[WHAT TO DO]
Set down, word for word, every line of the material below from the one containing "Eagles Villas Halkidiki" through the one containing "Angry Eye Daily", but none of its pictures.

[THE RECORDS]
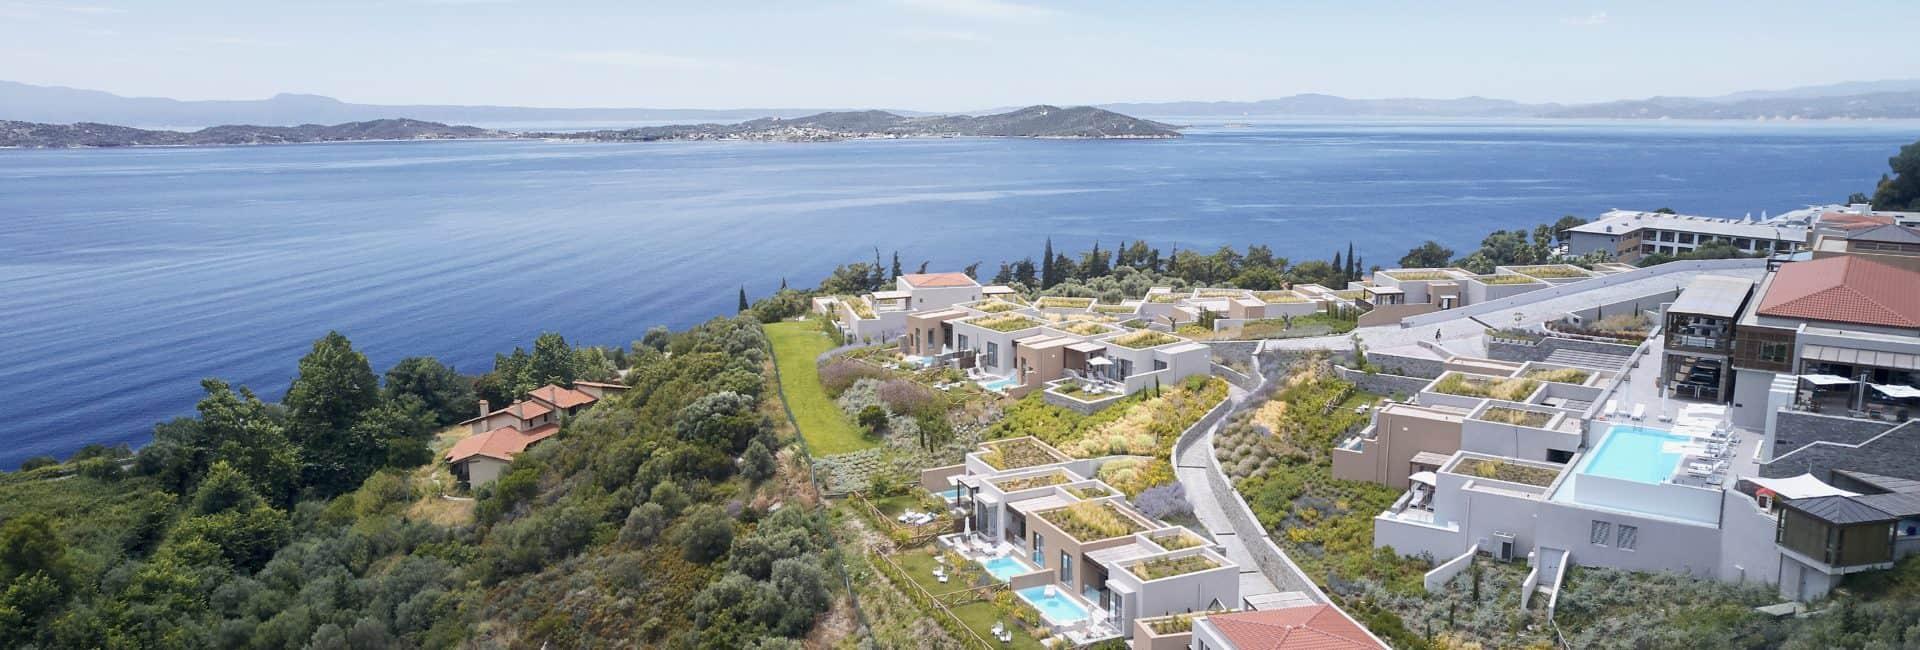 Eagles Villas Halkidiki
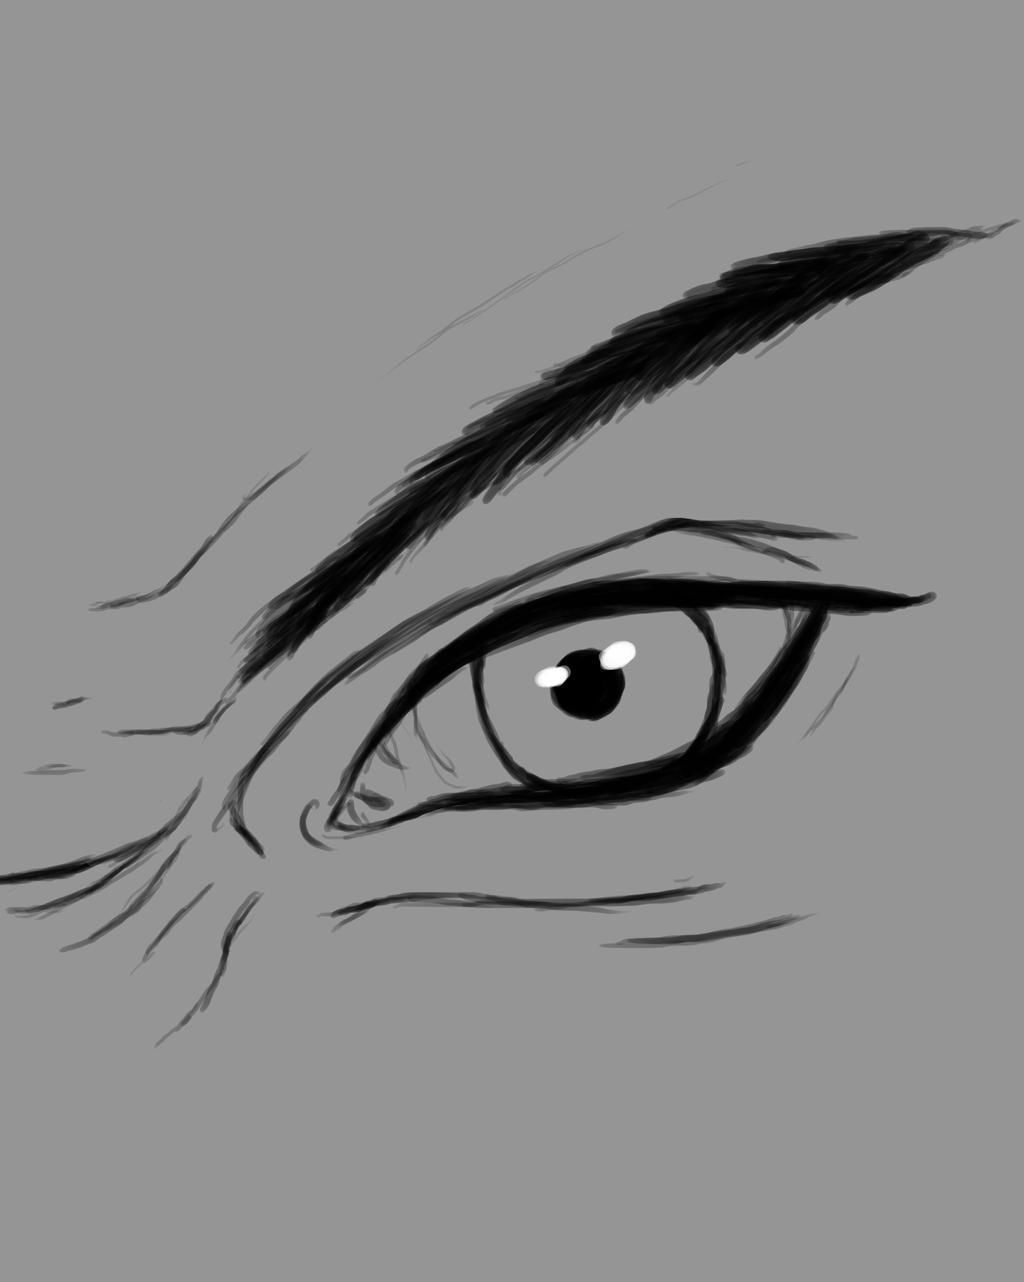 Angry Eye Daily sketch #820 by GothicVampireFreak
--
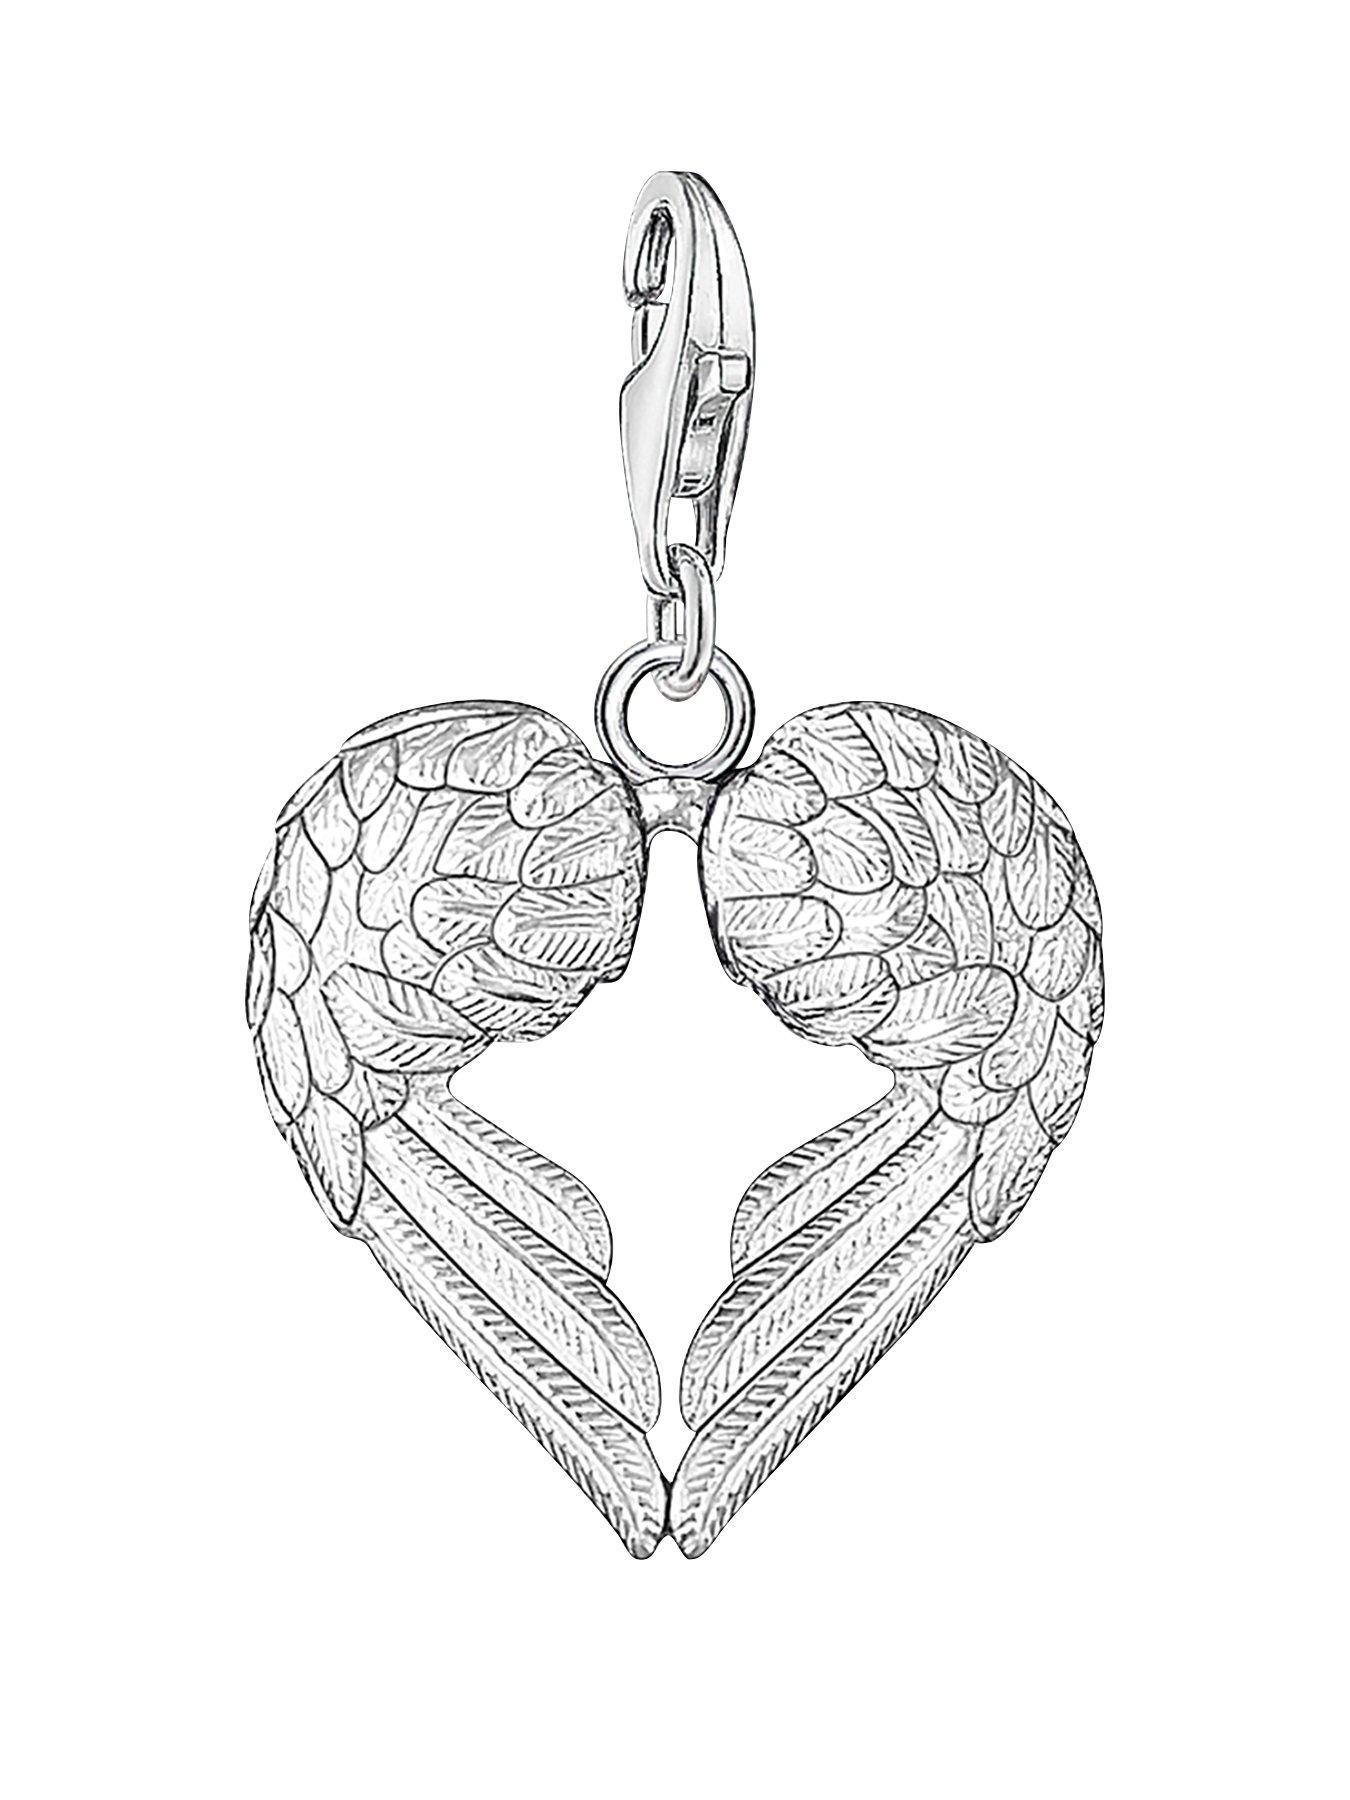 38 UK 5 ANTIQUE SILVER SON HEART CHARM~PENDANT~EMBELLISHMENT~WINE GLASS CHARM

[YOUR RESPONSE]
 Eagles Villas Halkidiki
 Angry Eye Daily sketch #820 by GothicVampireFreak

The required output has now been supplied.